A lentidão nos processos burocráticos para pagamento de indenizações à população afetada pela Barragem de Oiticica fez com que eles ocupassem, pela segunda vez no ano, o canteiro de obras da barragem, e paralisassem o serviço por mais de 12 horas. Os ocupantes avisam que só terminarão sairão após o pagamento de, pelo menos, 30% das indenizações e feito o desmatamento do Alto do Paiol, local para a construção das casas da Nova Barra de Santana.
CedidaFamílias ocuparam ontem o canteiro de obras da barragem, cobrando as desapropriações das áreasFamílias ocuparam ontem o canteiro de obras da barragem, cobrando as desapropriações das áreas

Quase cem pessoas invadiram o canteiro, desde às 5h da manhã de ontem. Eles permaneceram no local até por volta das 18h e prometem retornar hoje, no mesmo horário – ficando cerca de três como vigia. “Vamos ficar até que seja pago todas as indenizações, e feita a terraplenagem”, disse, por telefone, Érika Nayara Gomes,  membro da Coordenadoria de Defesa dos Atingidos pela Barragem de Oiticica. 


No último protesto, em 7 de janeiro deste ano, o Governo do Estado anunciou que em  90 dias iniciaria o pagamento e ações para desapropriações das comunidades de Barra de Santana, São Fernando e Jardim de Piranhas. Até então, a população reclama que não recebeu nenhuma sinalização de  qual o valor a ser pago, a data para o pagamento e para acomodação das famílias em novas residências.

“Não aceitamos nenhuma reunião fora da comunidade, porque tudo que devia ser acertado já está nos documentos firmados como governo, e o governo não cumpriu nada.
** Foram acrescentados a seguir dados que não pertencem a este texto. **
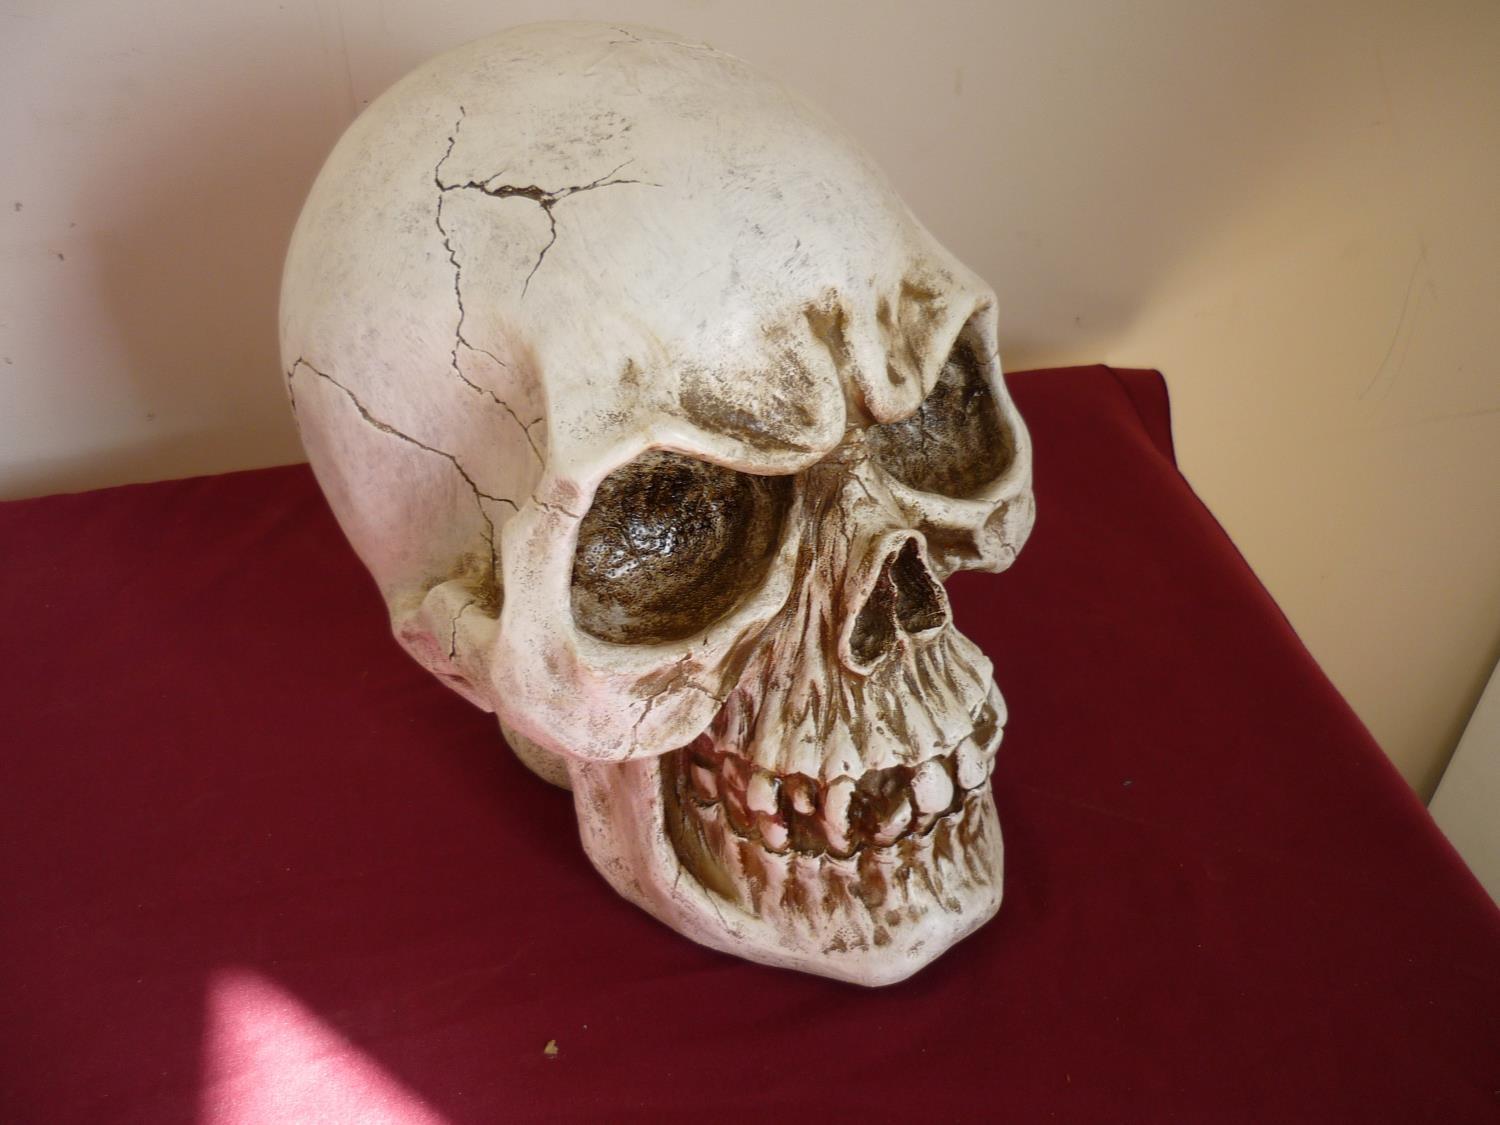 Extremely large resin skull (28cm high)

A partir de agora queremos ação da parte do governo”, afirmou José Procópio, representante do Serviço de Apoio aos Projetos Alternativos Comunitários (Seapac). 

Segundo o planejamento da Secretaria Estadual de Meio Ambiente e Recursos Hídricos (Semarh), está previsto destinação de R$ 8 milhões para pagamento das indenizações, e mais R$ 11,5 milhões para a construção da Nova Barra de Santana, no Alto do Paiol. No entanto, o valor não está fechado. Segundo o procurador do Estado, Francisco Sales, não foi enviado nenhuma documentação dos atingidos à procuradoria, nem os laudos de avaliação com as plantas das residências. “Só após o recebimento desta documentação que teremos condições de saber a quantidade e os valores das desapropriações”, explica Sales. Em registro na Seapac, consta 998 pessoas, sendo 225 da área urbana de Barra de Santana, e 773 da área rural.

Os recursos financeiros federais para a obra estão sendo repassados à Semarh, responsável pela construção, por meio do Departamento Nacional de Obras Contra as Secas (Dnocs). Em junho de 2013 foi repassado cerca de R$ 20 milhões, e em janeiro deste ano quase R$ 7 milhões. O valor da terceira parcela será de R$ 28 milhões, e para o próximo semestre está previsto uma segunda parcela de R$ 20 milhões. Ao todo, para 2014, a previsão orçamentária é de R$ 55.5 milhões.

Segundo Emerson Fernandes, diretor geral do Dnocs, para liberação da terceira parcela, falta ainda a Semarh enviar a planilha de execução físico financeira, onde deverá estar incluído todos os valores de obra, desapropriações e indenizações. O diretor informou que nesta última sexta-feira, 9, foi protocolado o plano de trabalho, mas com a falta da planilha orçamentária. 

A prestação de contas da primeira parcela, também obrigatória para liberação de recursos, só foi entregue em abril. “Como eu poderia passar antes o recurso se não tínhamos a prestação de contas e nem a planilha de trabalho?”, indaga. Ele garante que se enviada toda documentação nestes próximos dias, na próxima semana a parcela estará liberada.

Número
R$ 8 milhões é o proposto para pagamento das indenizações em Jucurutu, Caicó e Jardim de Piranhas.